Integrate Mindfulness with the Rest of the Curriculum

There are many potential points of overlap between mindfulness and other curriculum content like clinical skills. This needs to be made obvious so that the mindfulness content is not seen by students and faculty as being a topic on the periphery of other important parts of the curriculum. How this is done will be different depending on the year level. Early in the course links between mindfulness and biomedical, social and psychological sciences can be made obvious by integrating sciences such as mind–body medicine, psychoneuroimmunology and neuroscience. Communication skills fit naturally with mindfulness and the development of listening skills, emotional intelligence and compassion. Later in the course mindfulness can be linked to the development of better focus while performing surgical and medical procedures, increasing vigilance to reduce clinical errors, and supporting clinical reasoning and decision-making. It can also be linked therapeutically with clinical applications like mental health, managing chronic pain, addiction or helping patients to facilitate lifestyle and behaviour change in the prevention or management of chronic illnesses. Of course, for students to be able to use it therapeutically rather than merely recommend it in these complex clinical situations would need significantly more training.
It helps if mindfulness is vertically integrated and delivered across various years of the course rather than at one time-point only. If delivered across different year levels, it is important to have the whole offering in view as each year’s content is being developed and delivered so that knowledge and skills are reinforced in a coordinated and stepwise way rather than merely repeating what went before.

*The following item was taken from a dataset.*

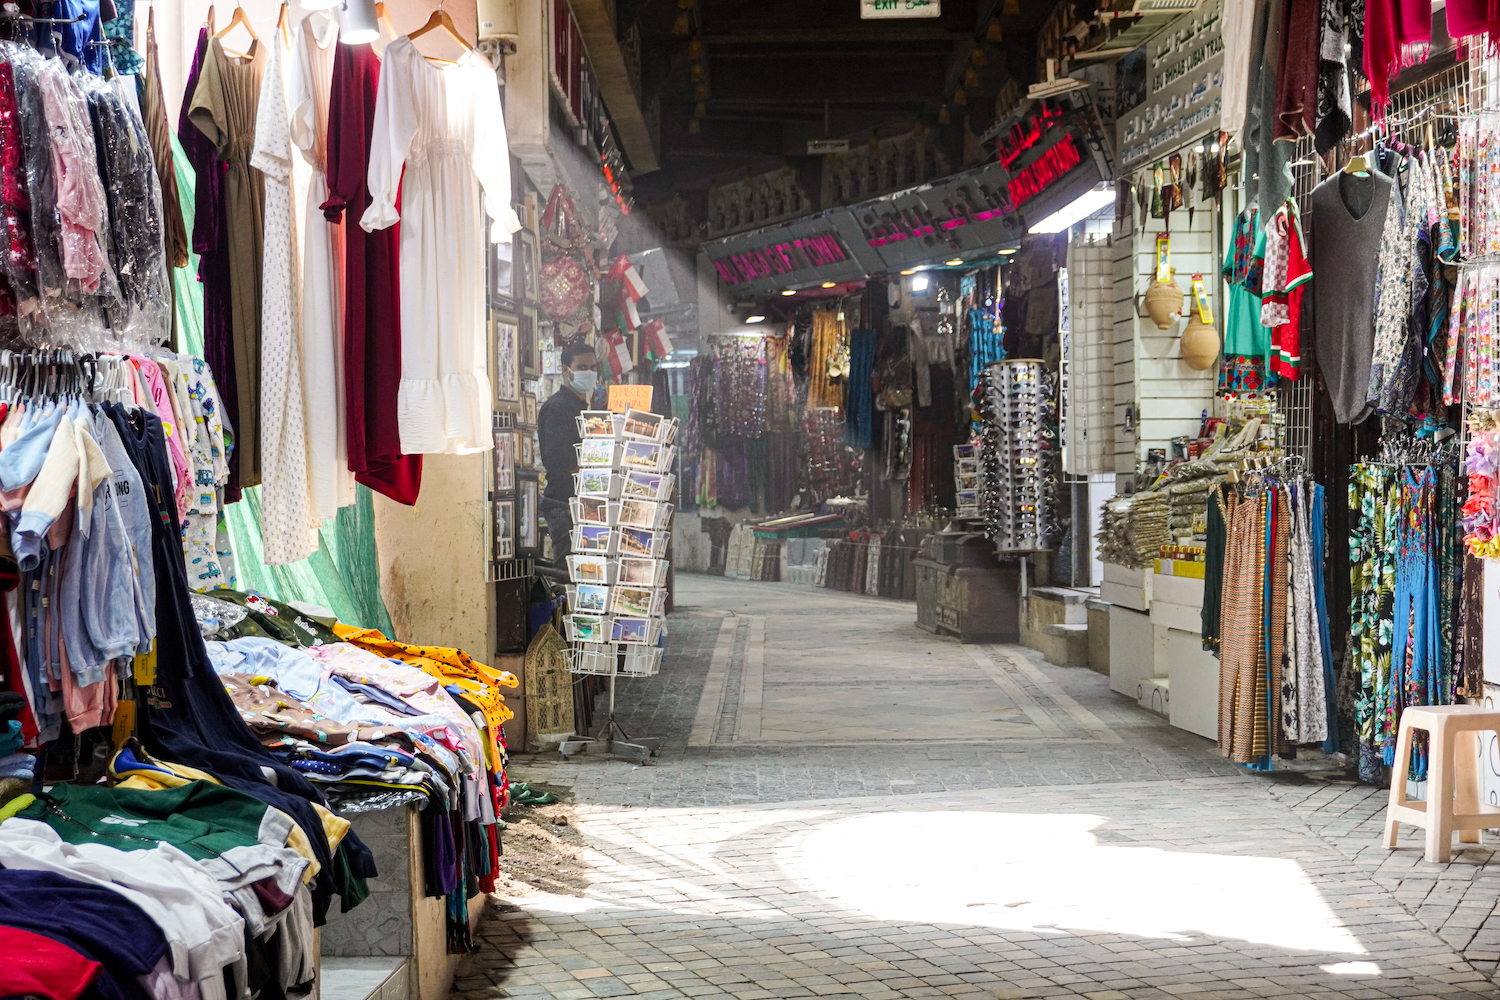 Sunlight pouring into the Mutrah Souq. Many clothes are lined up in stalls along the outdoor market.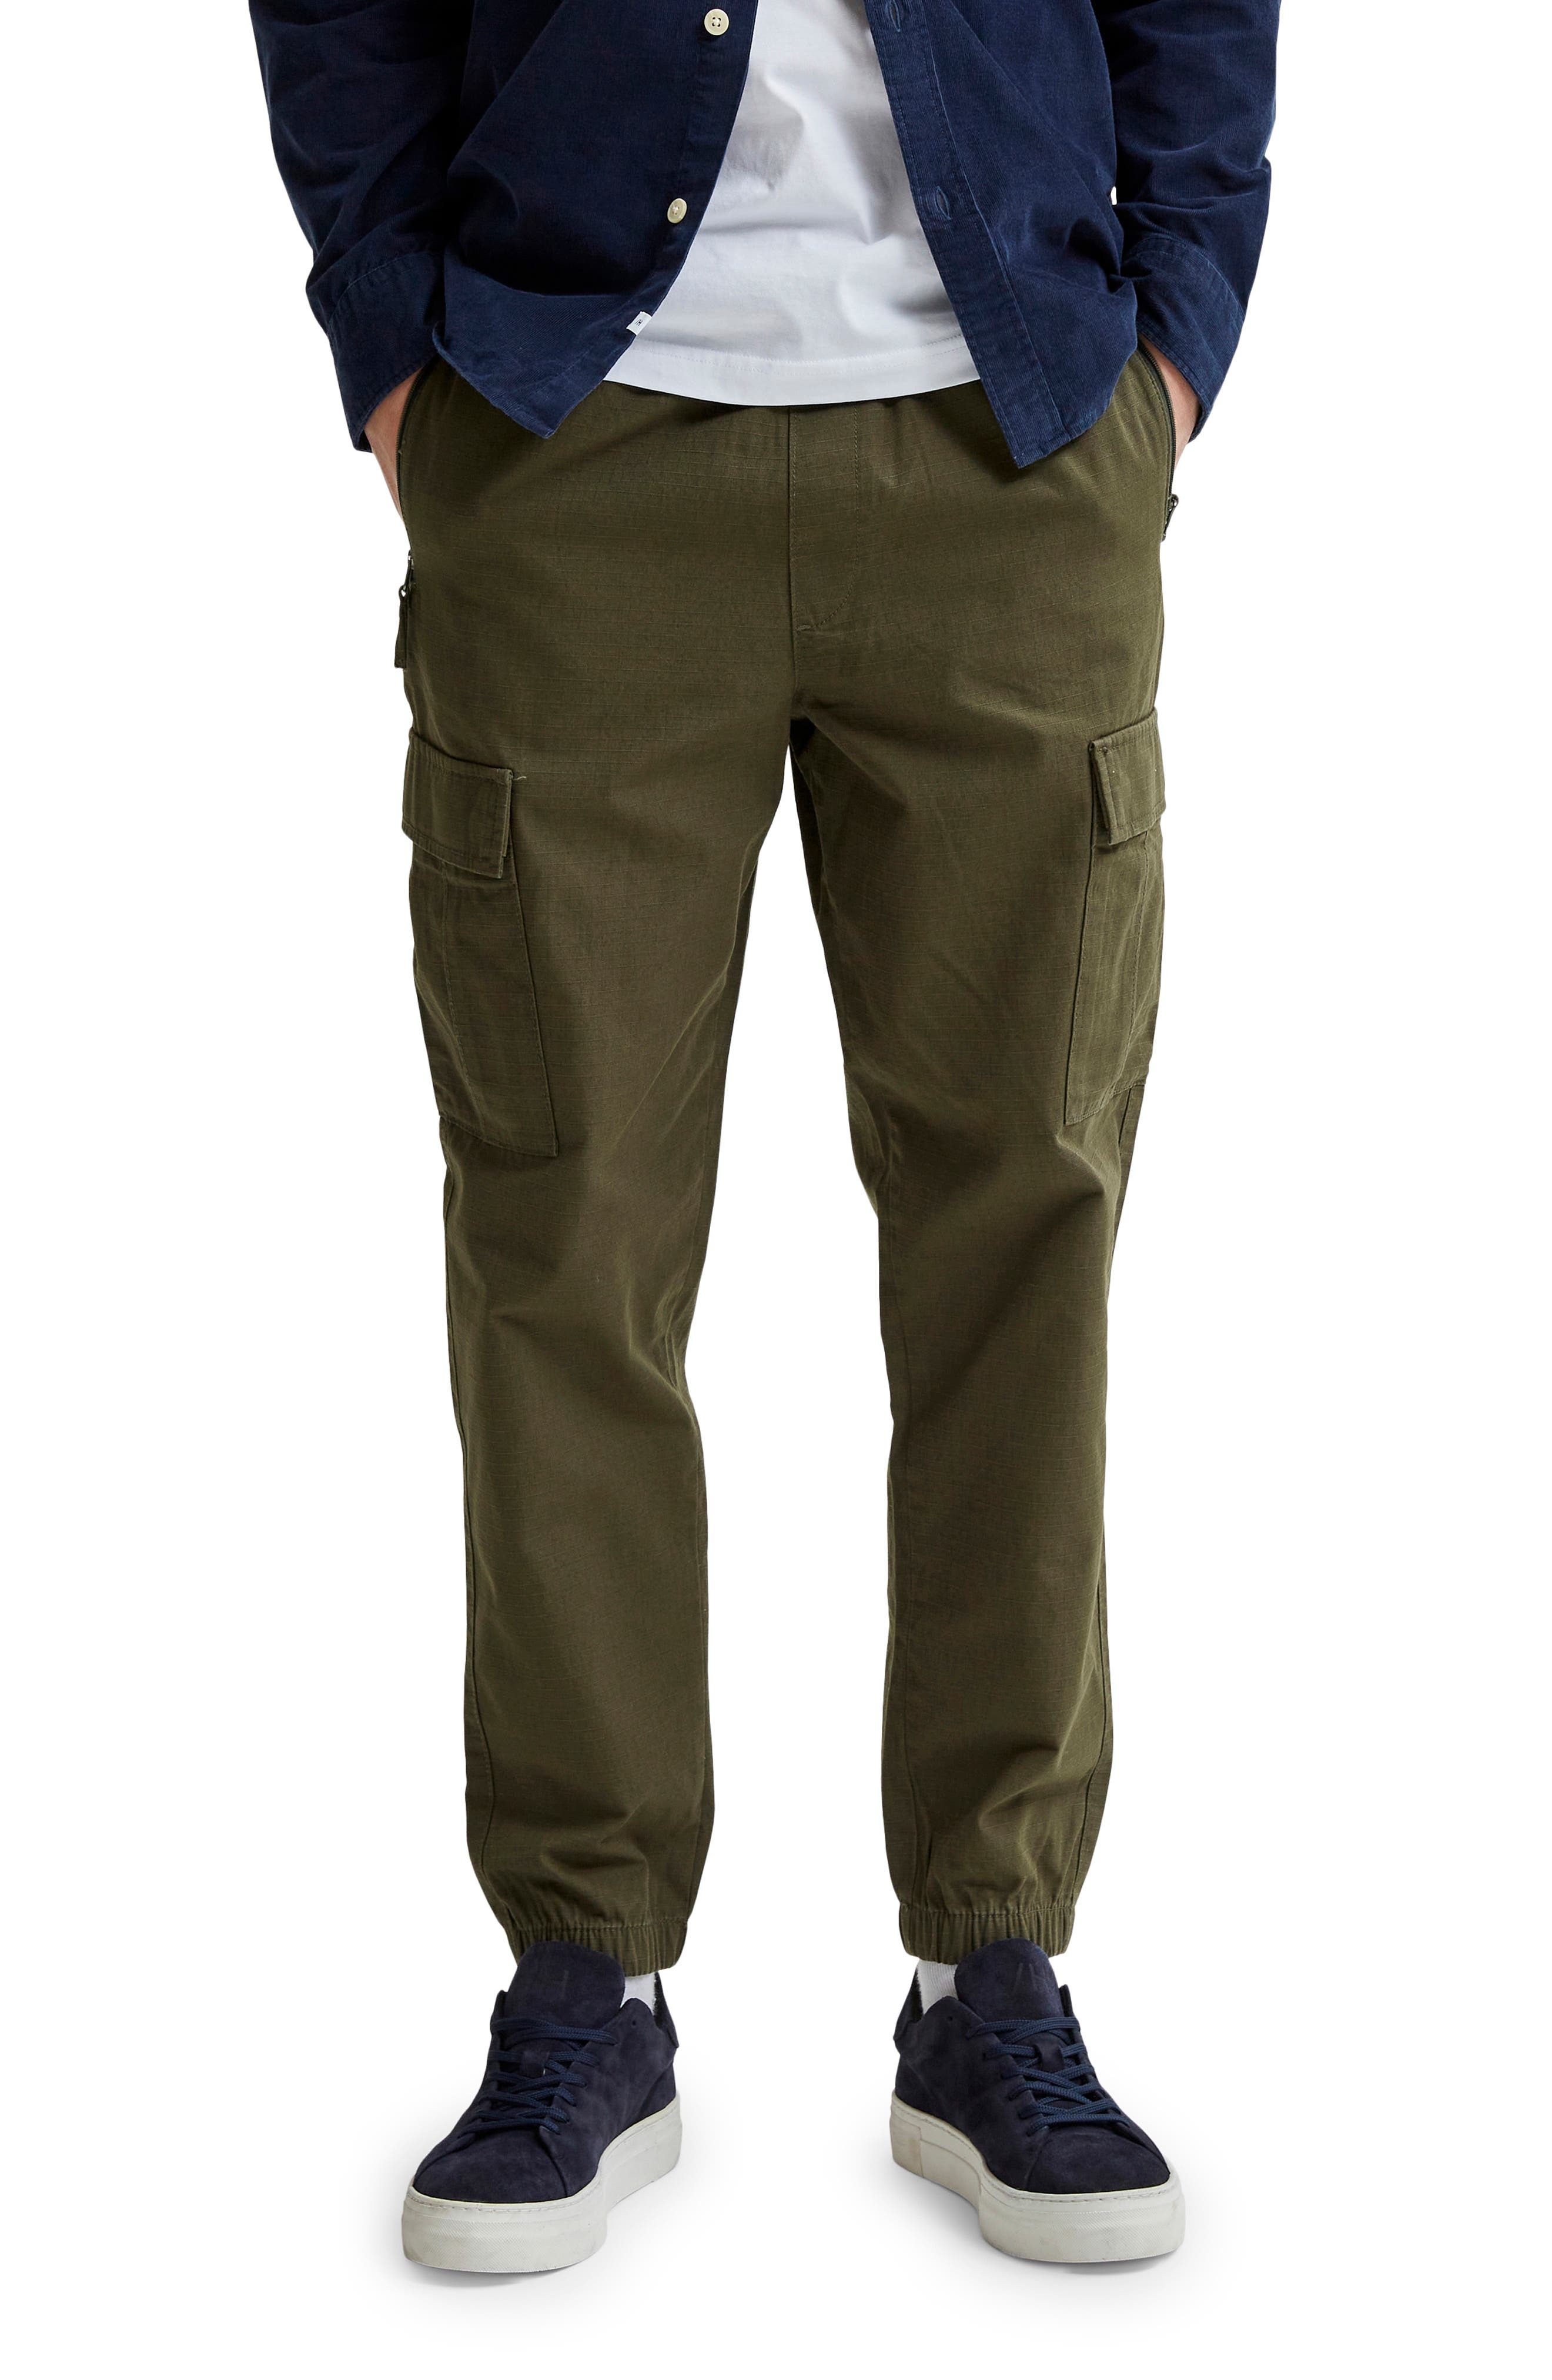 Selected Homme Noah Organic Cotton Cargo Joggers, $44 | Nordstrom ...

Tutor Selection and Training

Tutors are best selected based on their personal commitment to practicing mindfulness, their professional experience in using it clinically and their small group teaching skills. For the HEP, even experienced mindfulness practitioners are mentored and observe an experienced tutor running the program before they are allowed to be HEP tutors the following year. They see how the course is run, the language used, the Socratic teaching style, the experiments in operation and the way it is contextualised for the students. This is complemented by a 3-h tutor briefing before the commencement of the HEP to orient tutors to the course structure and delivery, and there are weekly tutor debriefing sessions after the tutorials.

Delivery

How mindfulness teaching is delivered can have a huge effect on whether or not it is positively received by the students. Health professional students are training to become doctors or allied health professionals, so they probably didn’t realise they were signing up for mindfulness when they started their university degree. Unless it is quickly seen as being relevant it will be rejected by the majority of students.

Start with the Science

It is helpful to start with one or more evidence-based lectures before the experiential, small group tutorials begin. The science, if engagingly presented, helps to minimise unthinking resistance to mindfulness and generates respect for the topic. If the students are not acquainted with the science and applications, they will tend to marginalise mindfulness in their minds and think of it as a soft part of the curriculum. But this is not the real learning in mindfulness. To use a metaphor, theory without practice is like attending a lecture on hydration without drinking the water — it is not satisfying or transformative. The lectures are important as they are the way of metaphorically getting the horse to the water, but the tutorials are where the students drink the water and begin to truly understand and benefit from it.

Language

The language medical students expect and respect is generally scientific, practical and pragmatic. The mindfulness teacher needs to be able to translate the languages of mindfulness, science and philosophy into the language of mindfulness practice. The language needs to be simple, direct and avoid terms from spiritual traditions that will likely be foreign to the students, culturally inappropriate and treated with suspicion. Humour, clinical anecdotes and metaphors also help enormously. They keep students engaged and help to communicate the message far more quickly and effectively than drawn-out technical explanations generally do.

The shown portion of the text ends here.